DIRECTIONS FOR THIS TASK: Return the data below unchanged, without images.

SOURCE DATA:
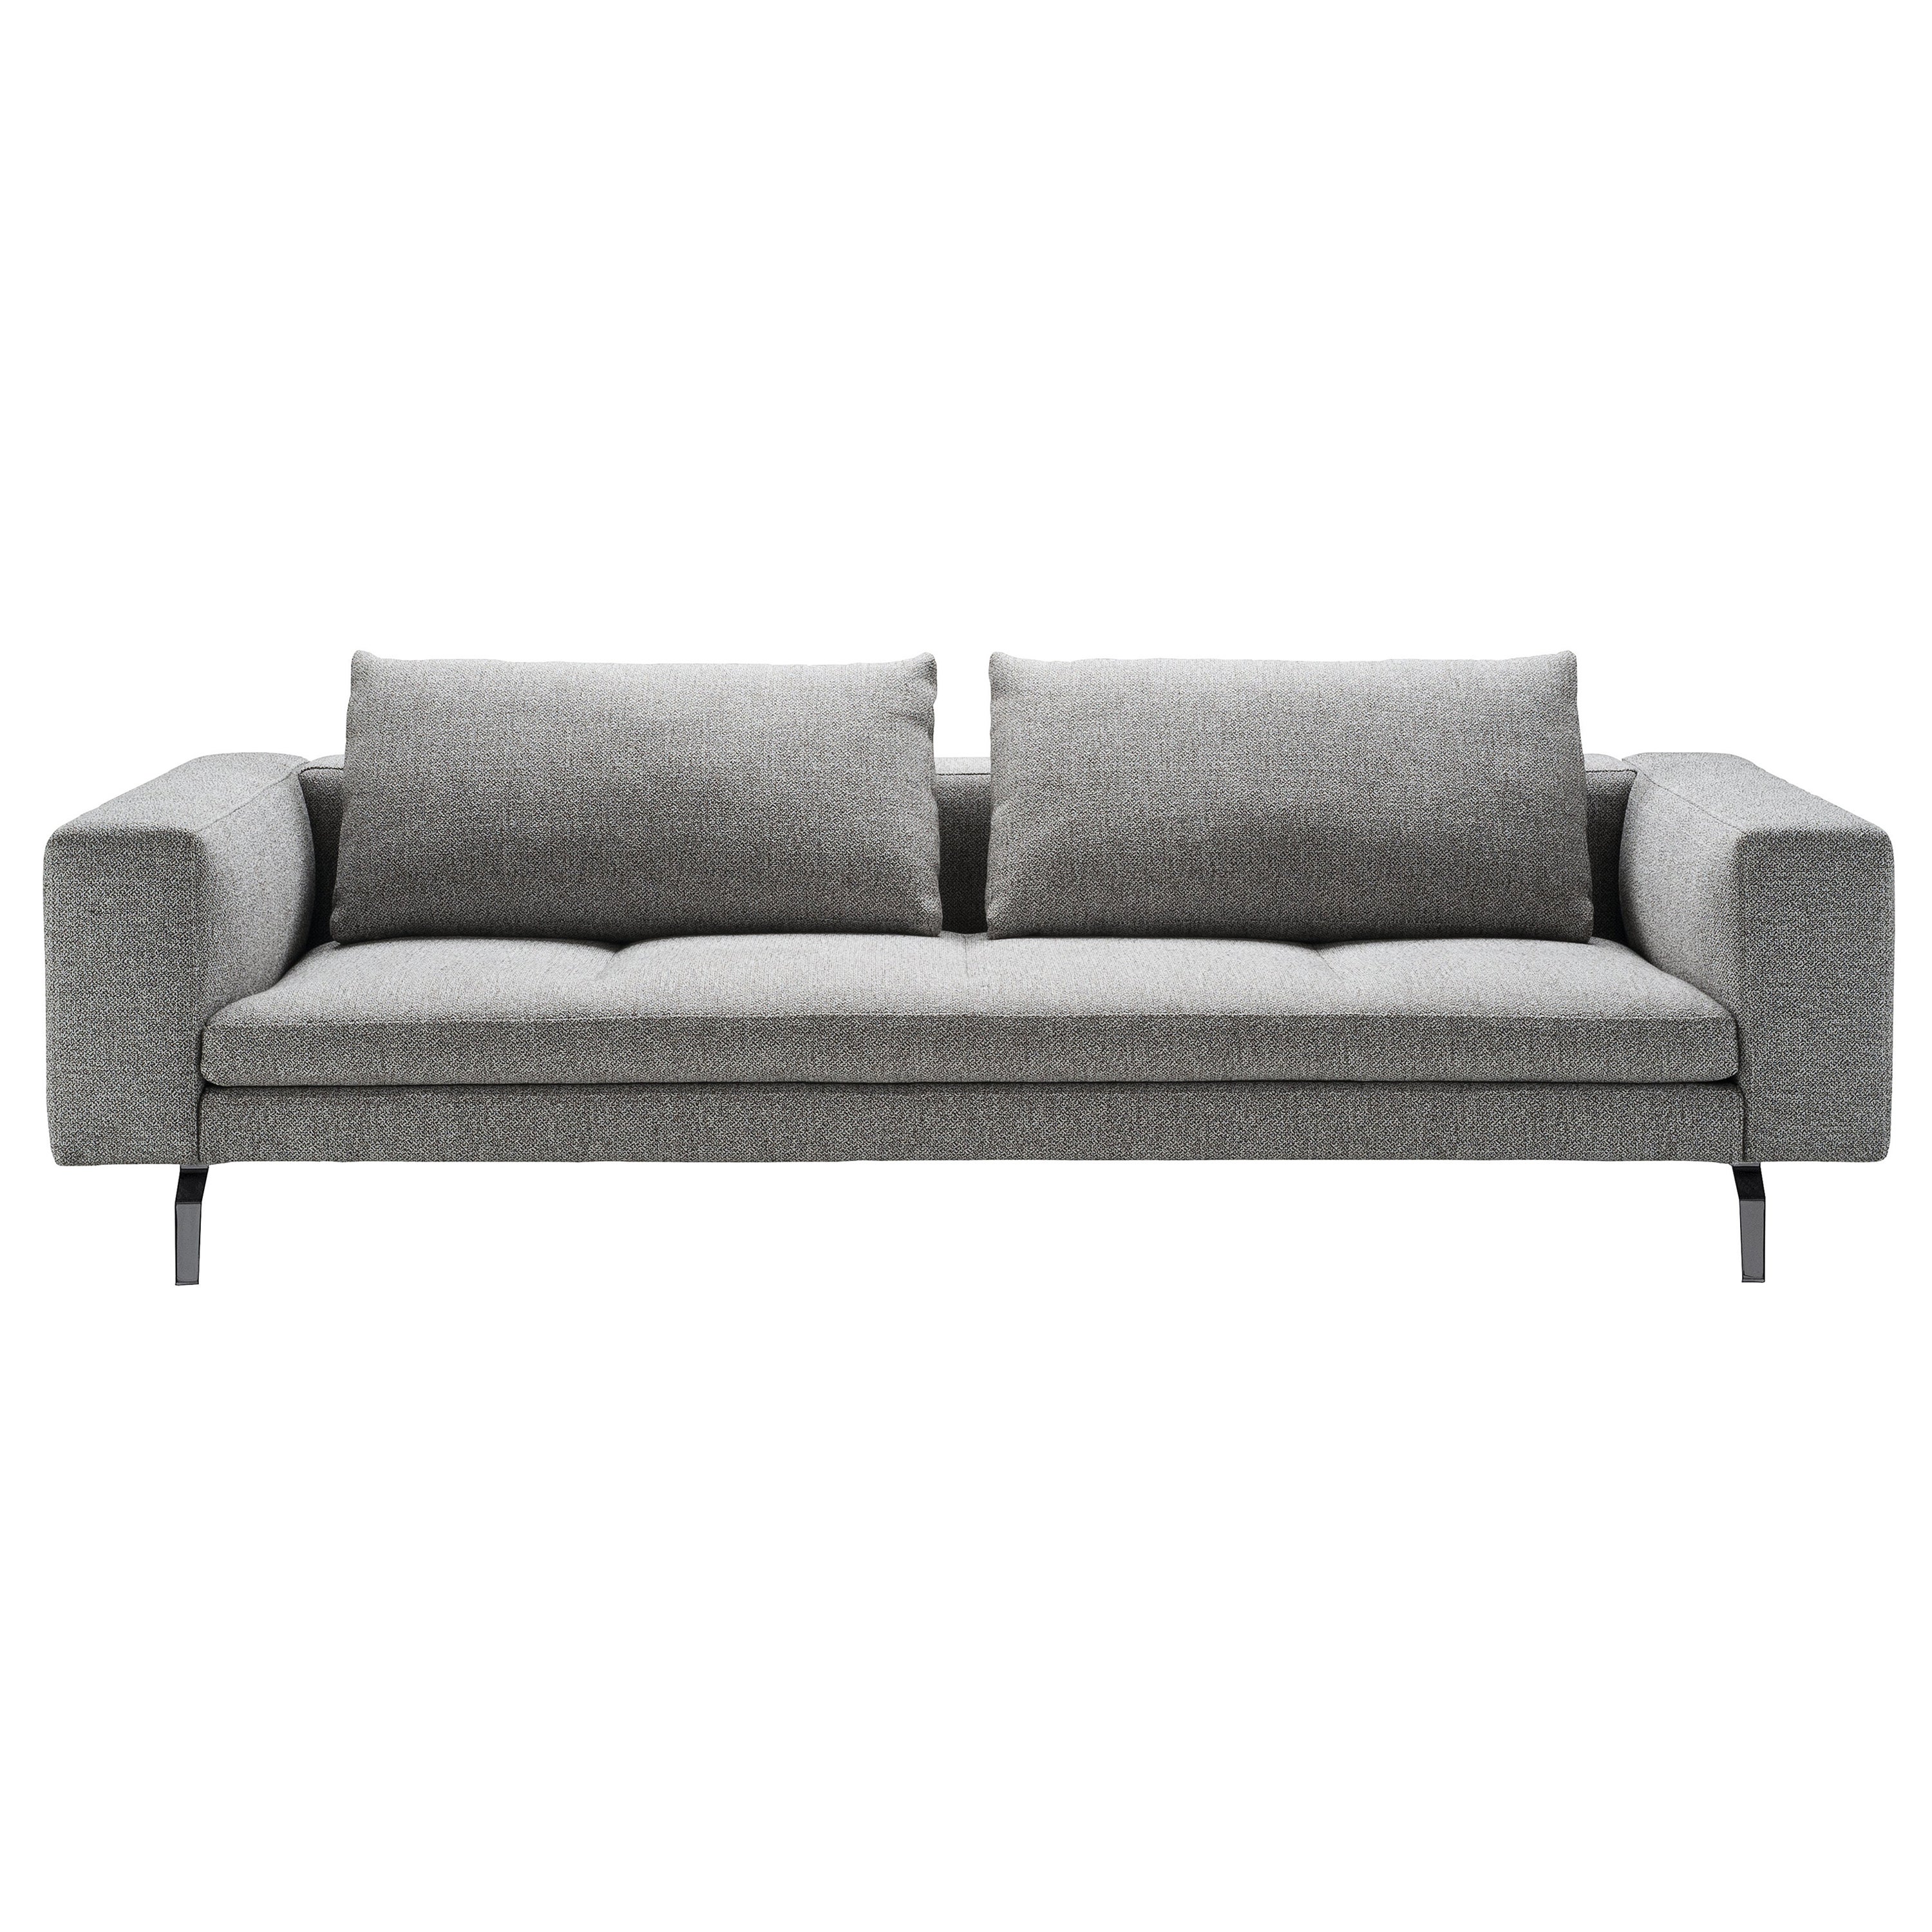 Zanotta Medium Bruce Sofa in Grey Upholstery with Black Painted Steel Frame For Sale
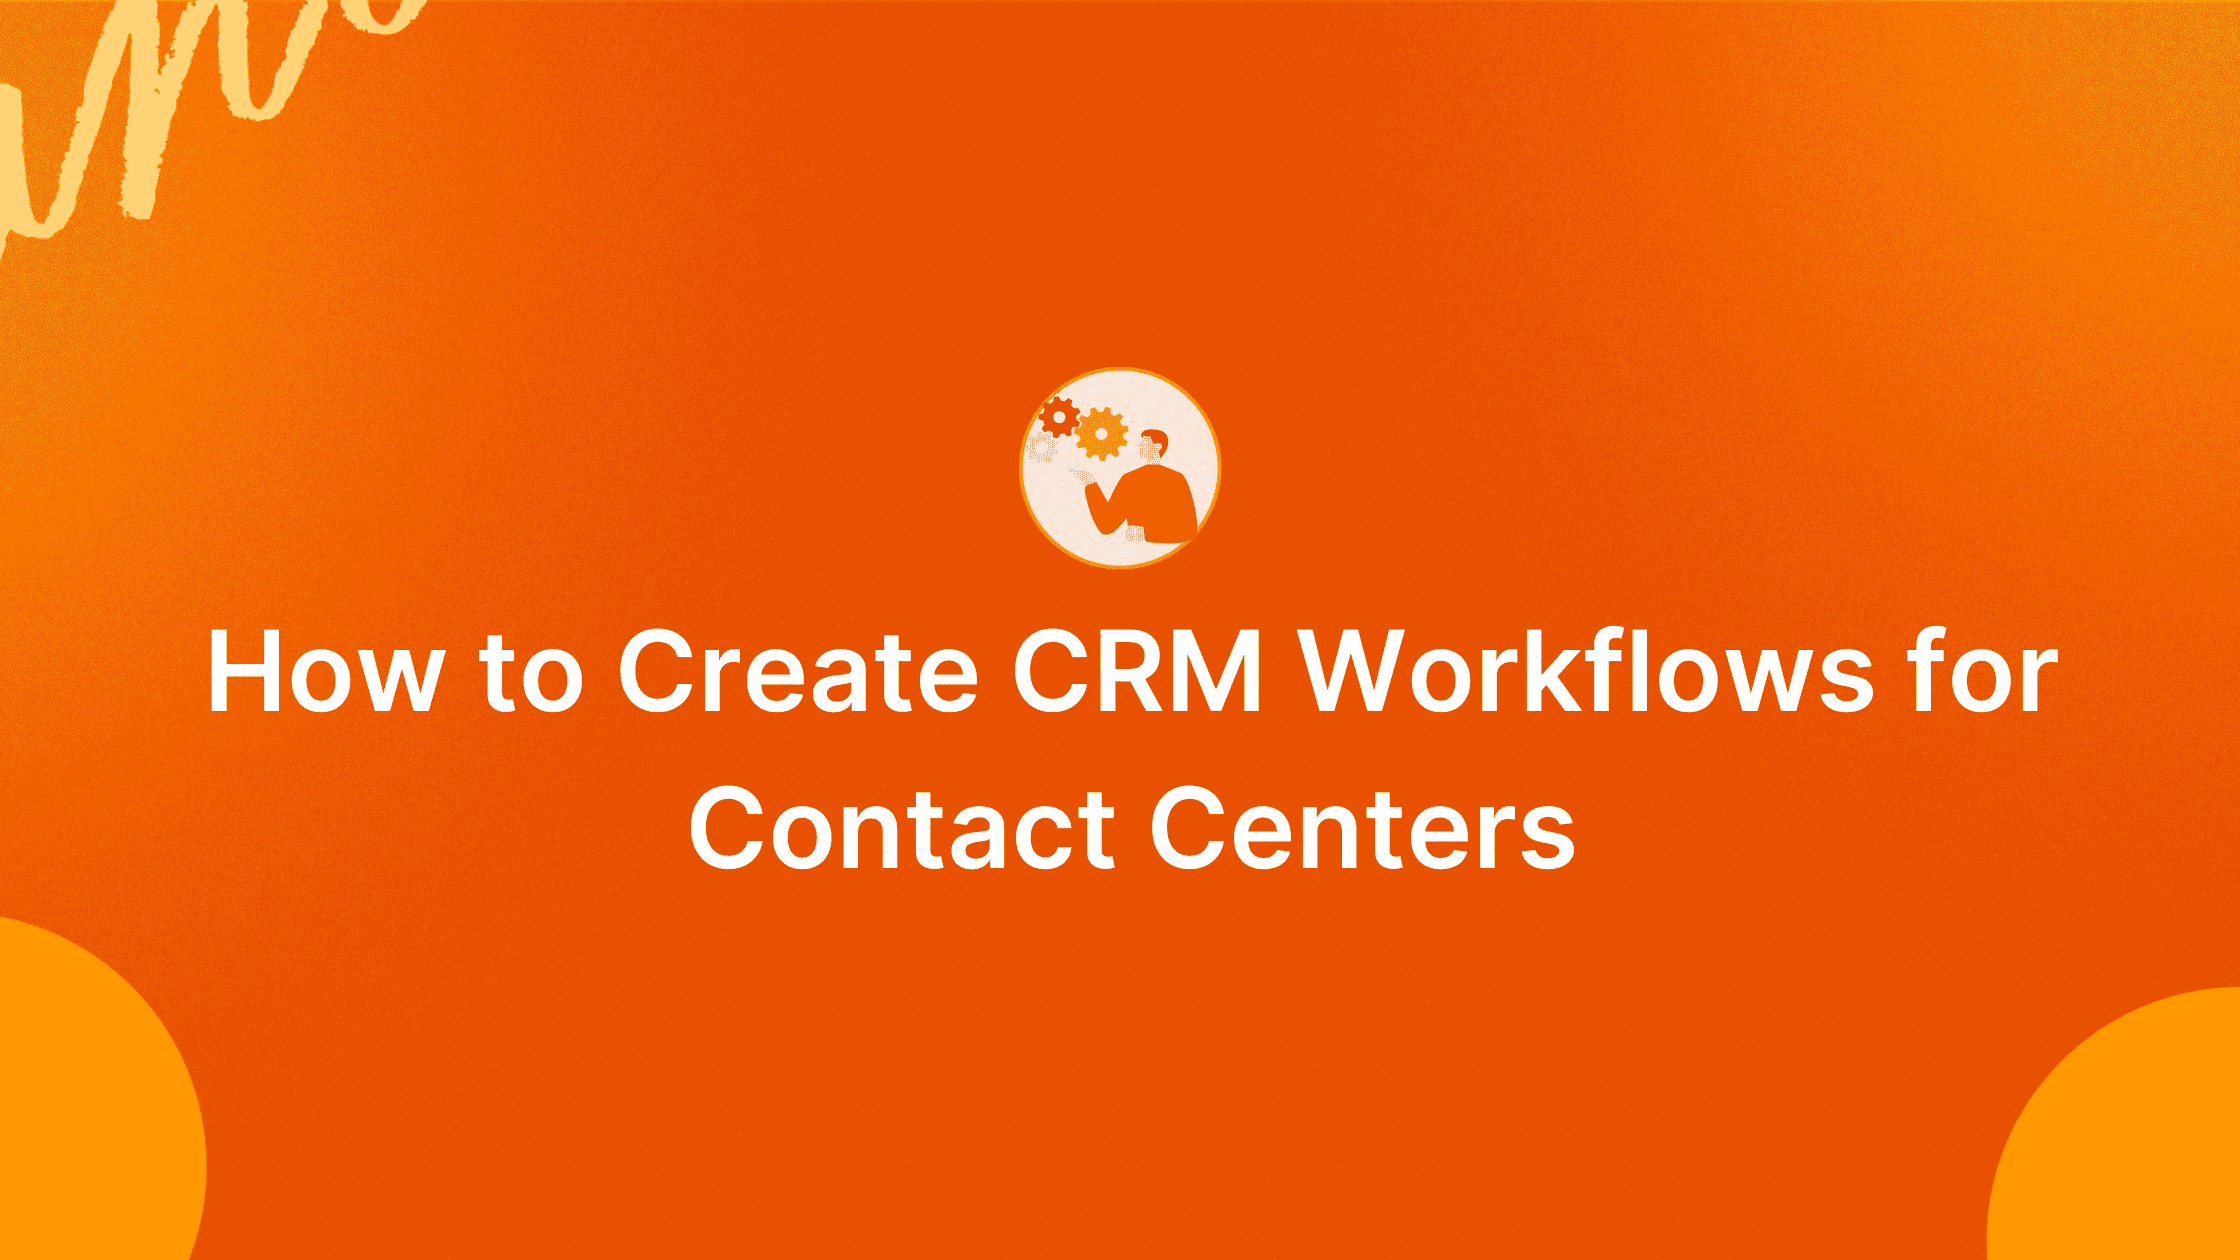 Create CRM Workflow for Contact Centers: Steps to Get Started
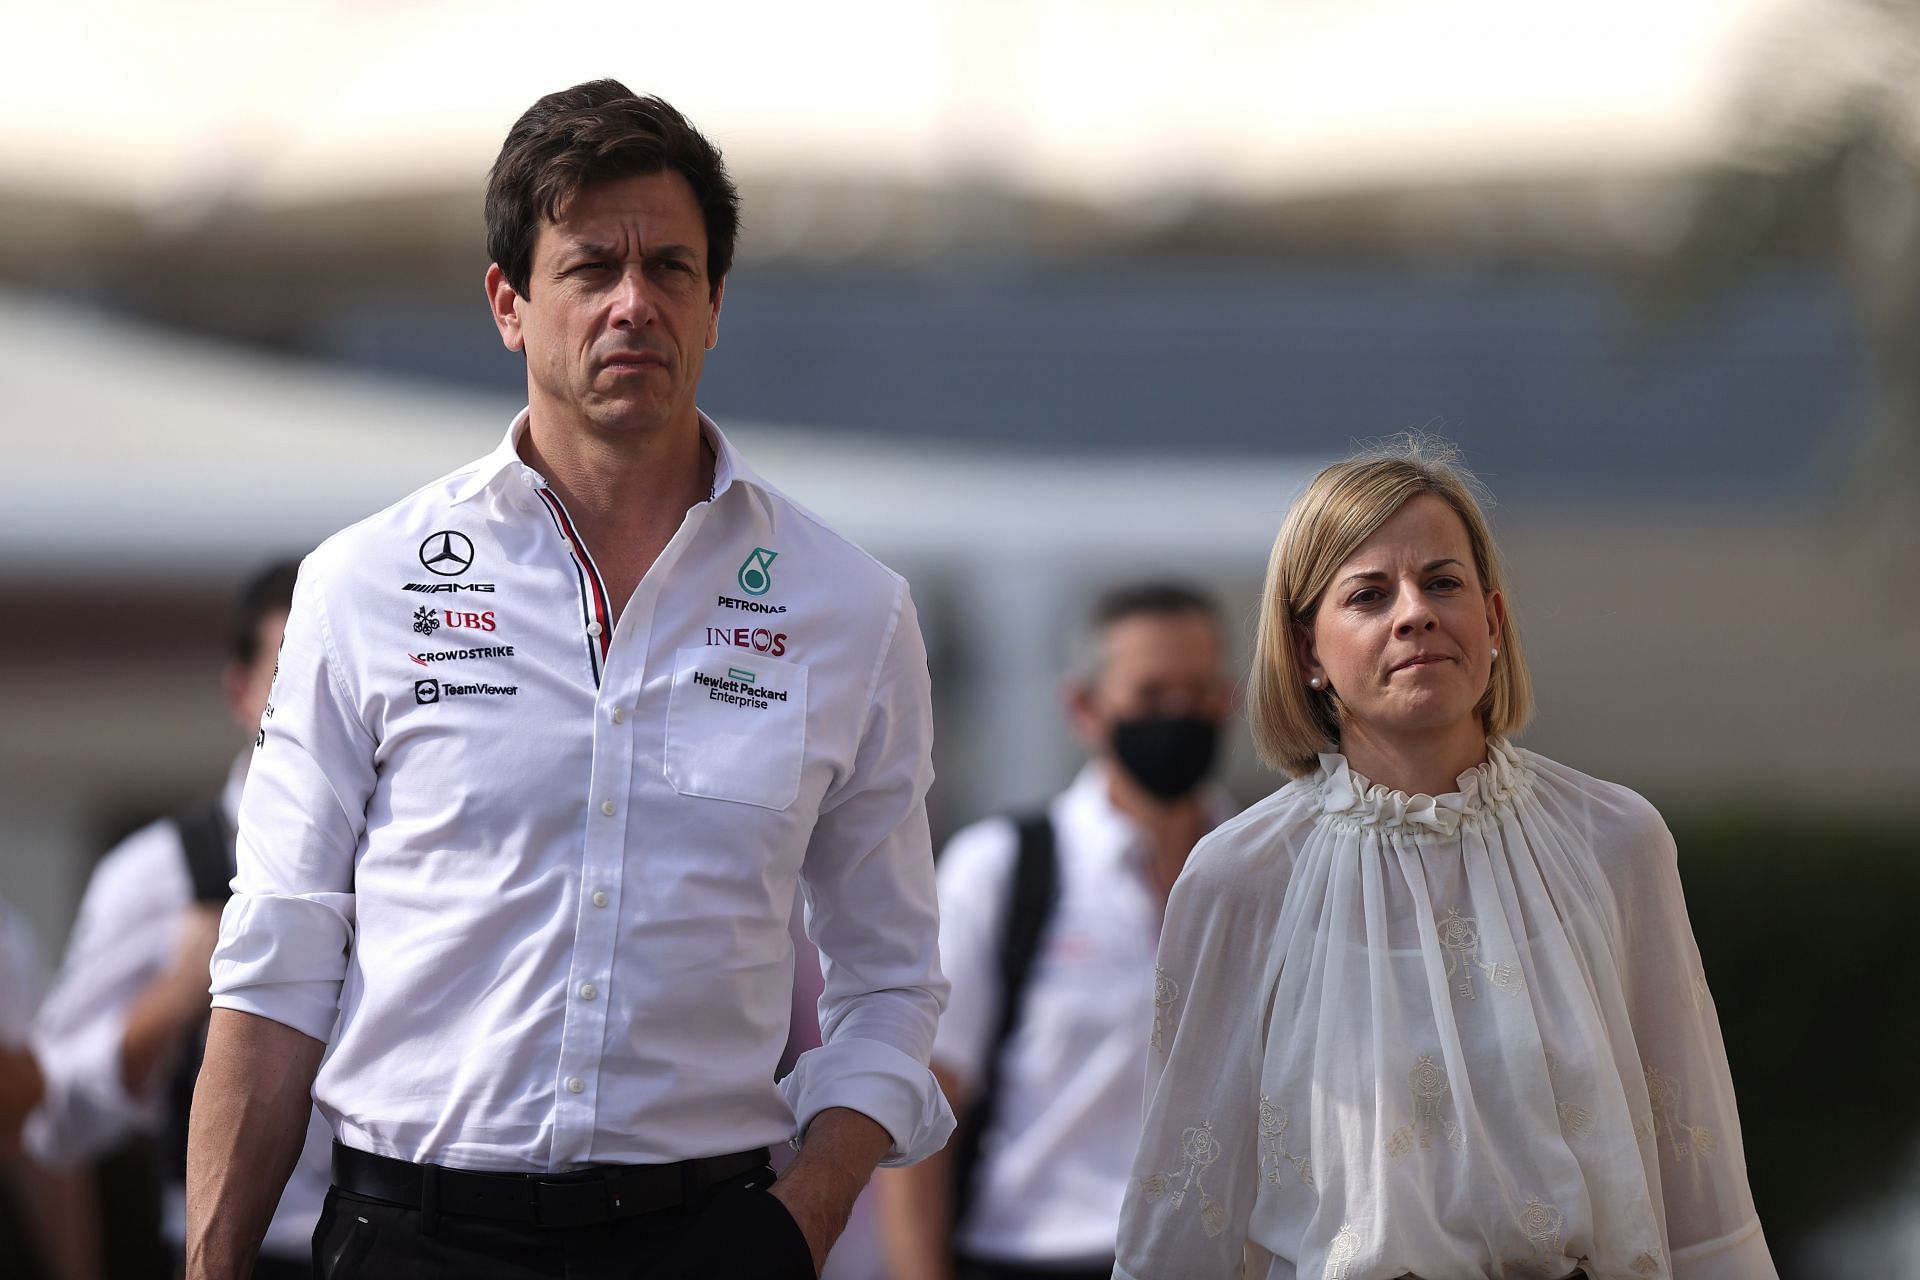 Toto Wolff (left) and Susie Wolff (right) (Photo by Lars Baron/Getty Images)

SOLUTION TO THIS PROBLEM:
 Zanotta Medium Bruce Sofa in Grey Upholstery with Black Painted Steel Frame For Sale
 Create CRM Workflow for Contact Centers: Steps to Get Started
 Toto Wolff (left) and Susie Wolff (right) (Photo by Lars Baron/Getty Images)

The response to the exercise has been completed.